THE TASK: The output should match, line for line, the records from the line containing "Set of Late 19th Century Marble Urns" through the line containing "We're gearing up", with every picture left out.

EXERCISE MATERIAL:
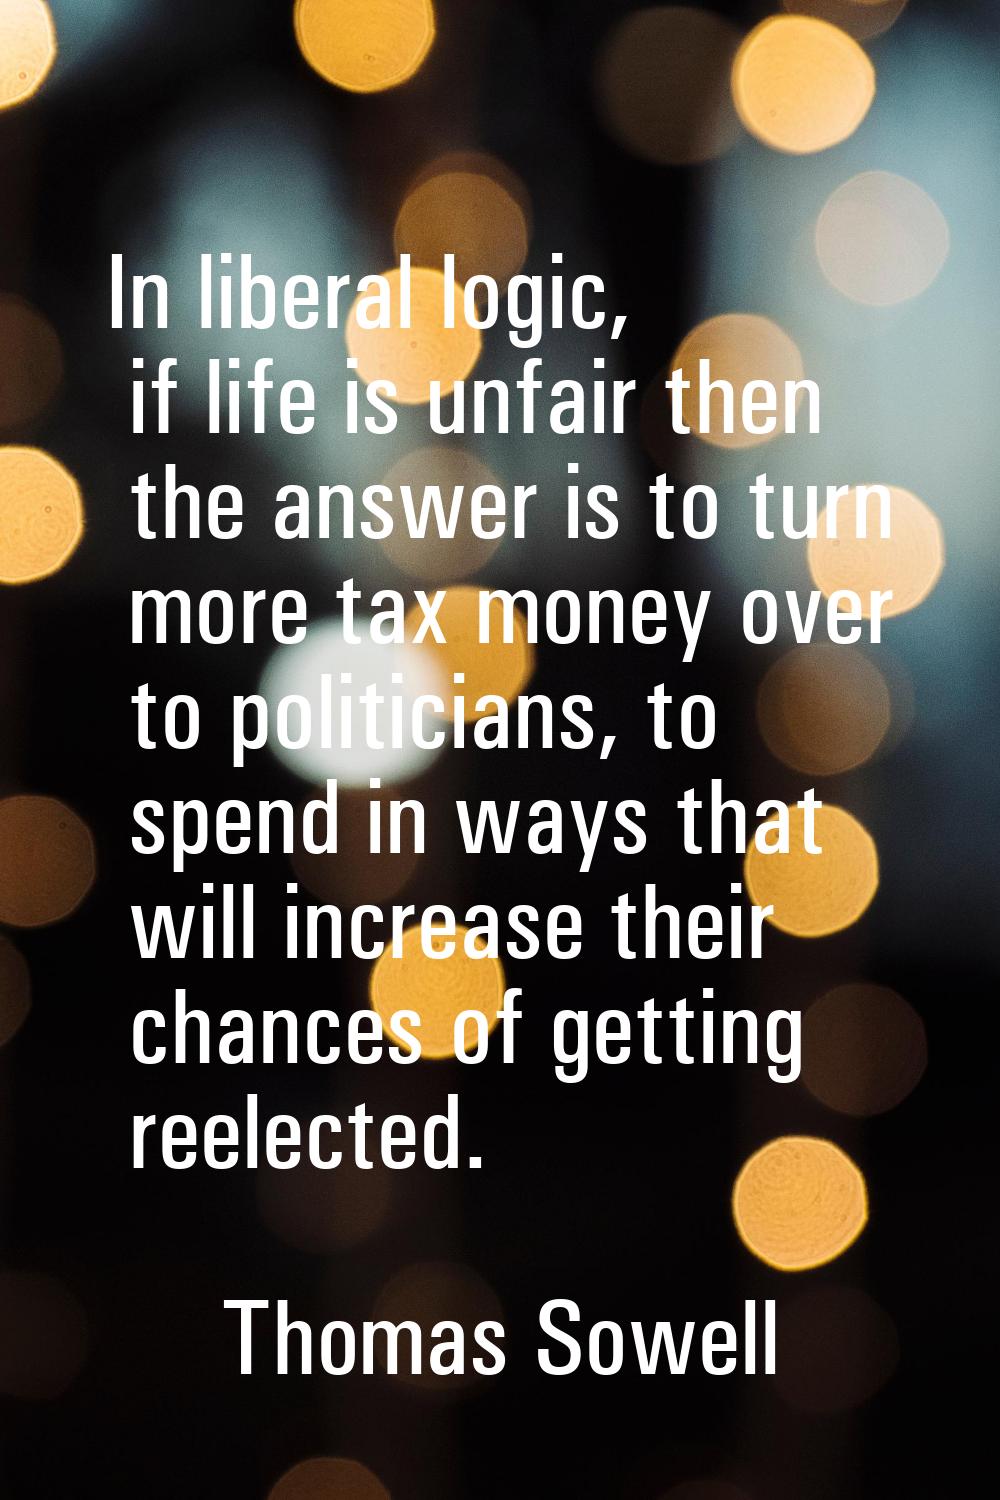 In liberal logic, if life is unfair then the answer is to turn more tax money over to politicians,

...

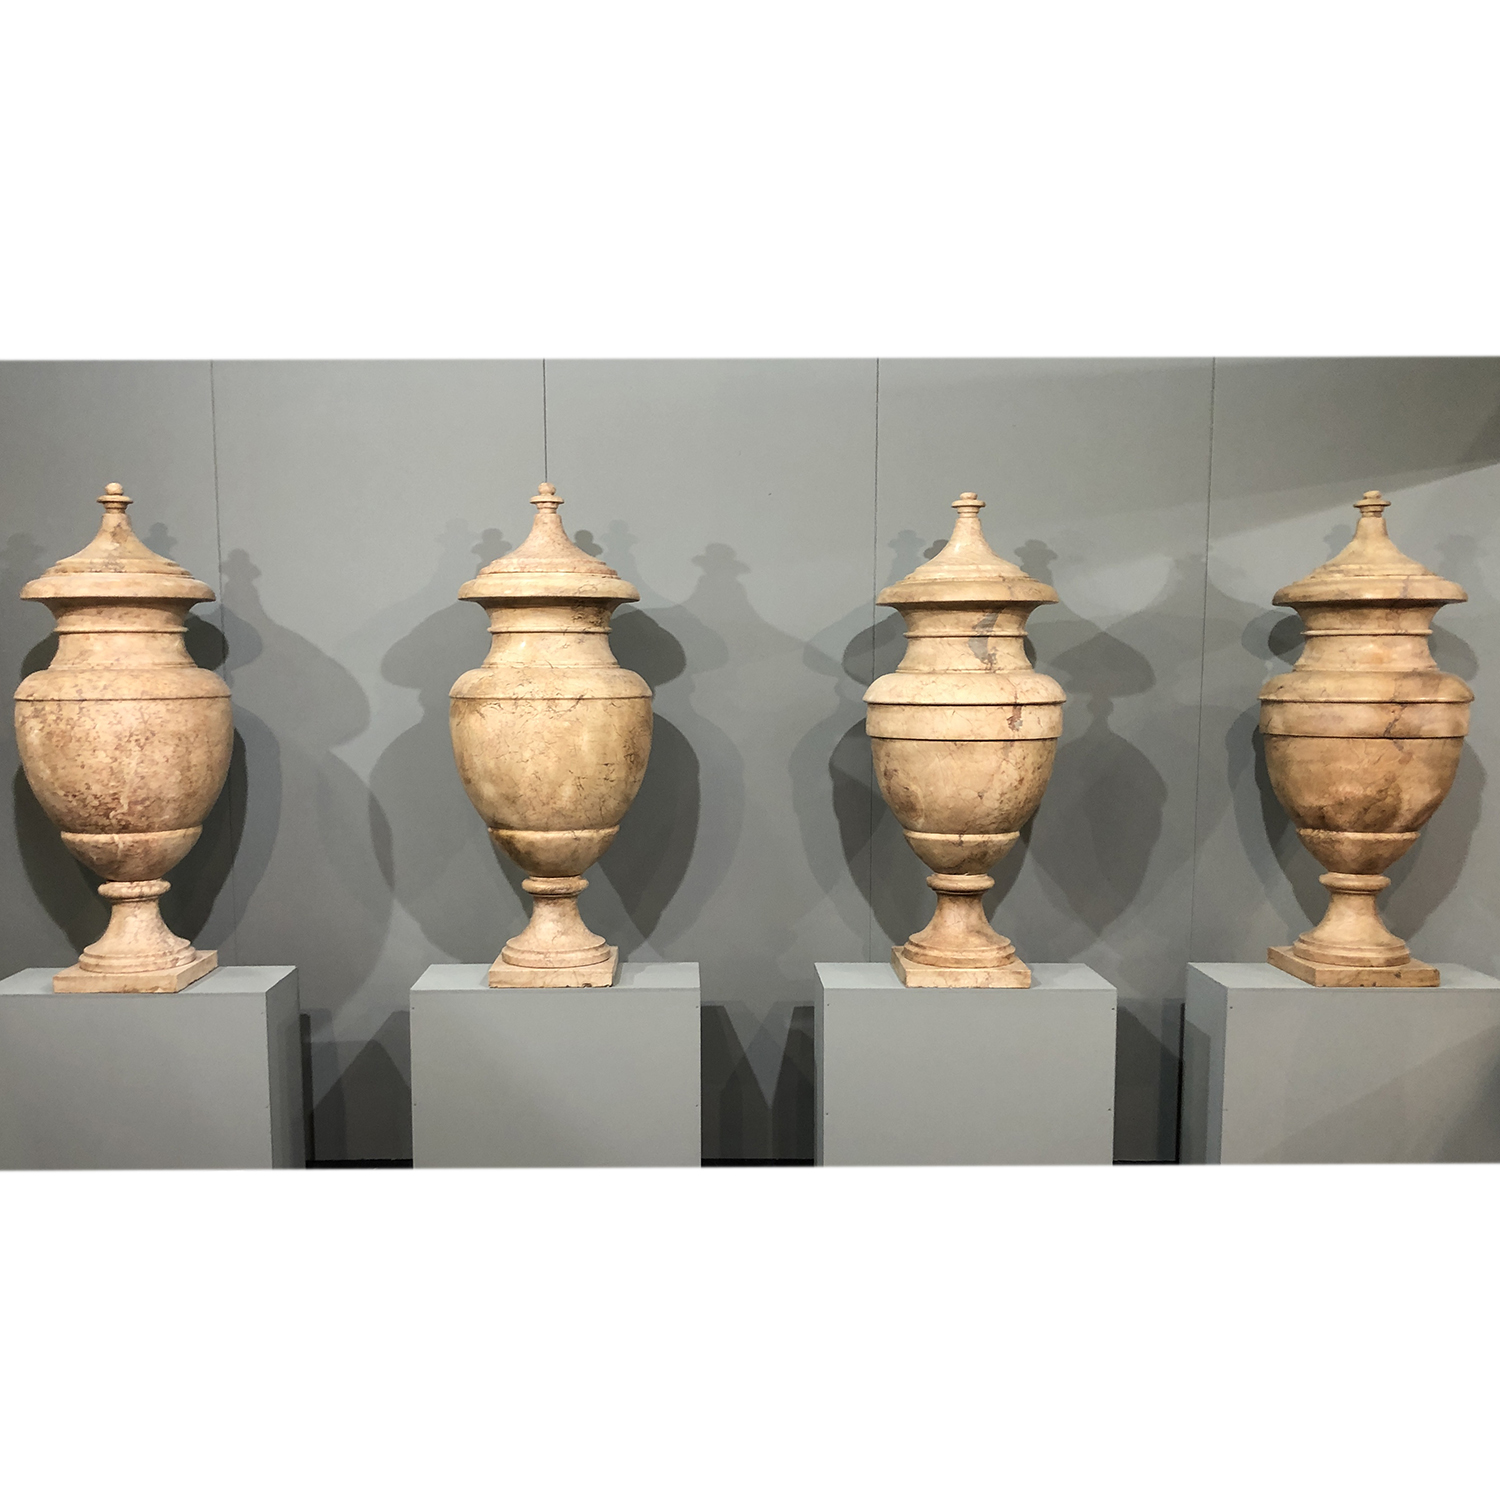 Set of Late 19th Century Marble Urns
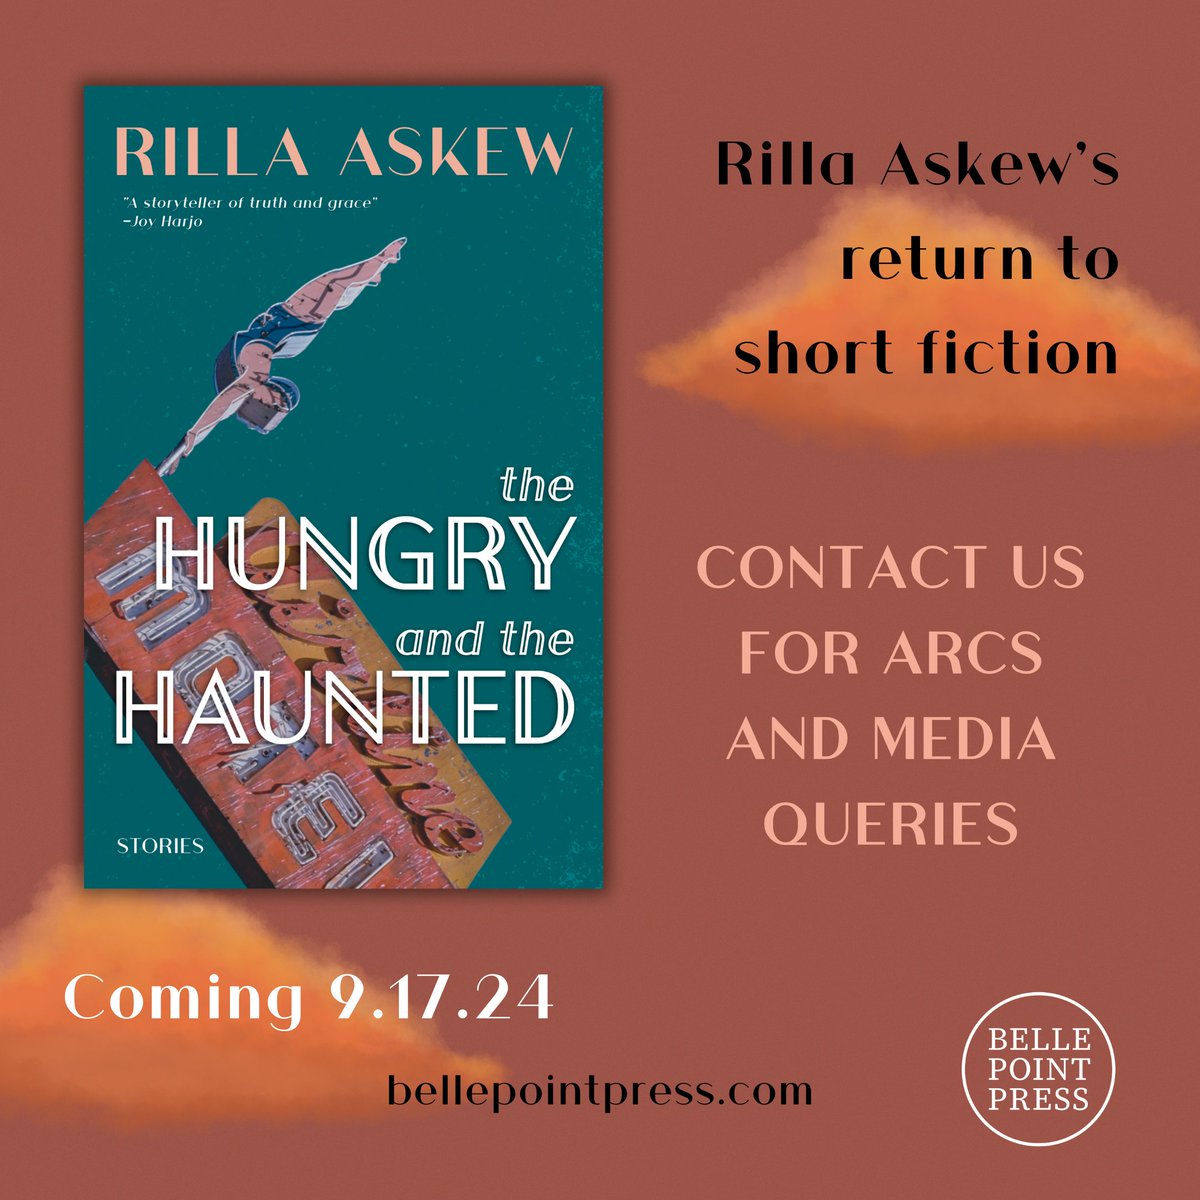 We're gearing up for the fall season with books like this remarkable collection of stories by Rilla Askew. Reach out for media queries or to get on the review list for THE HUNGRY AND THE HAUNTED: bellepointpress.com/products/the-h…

* * *

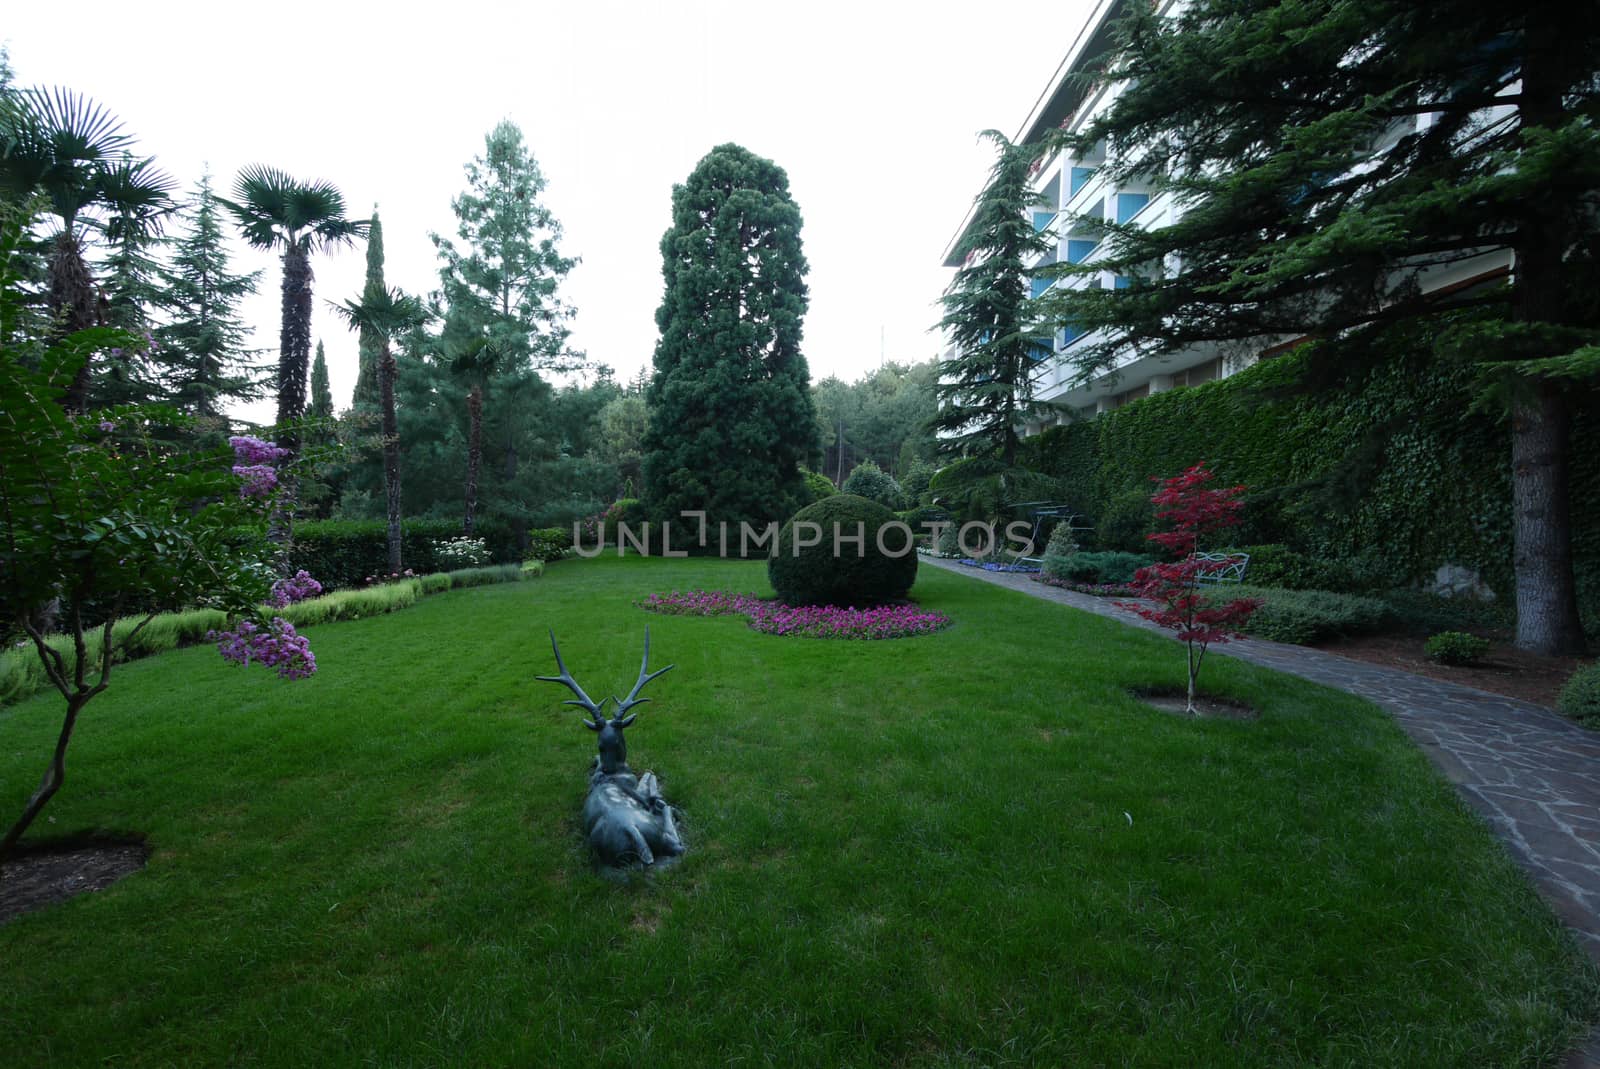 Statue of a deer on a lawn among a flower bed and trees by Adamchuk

EXERCISE ANSWER:
 Set of Late 19th Century Marble Urns
 We're gearing up for the fall season with books like this remarkable collection of stories by Rilla Askew. Reach out for media queries or to get on the review list for THE HUNGRY AND THE HAUNTED: bellepointpress.com/products/the-h…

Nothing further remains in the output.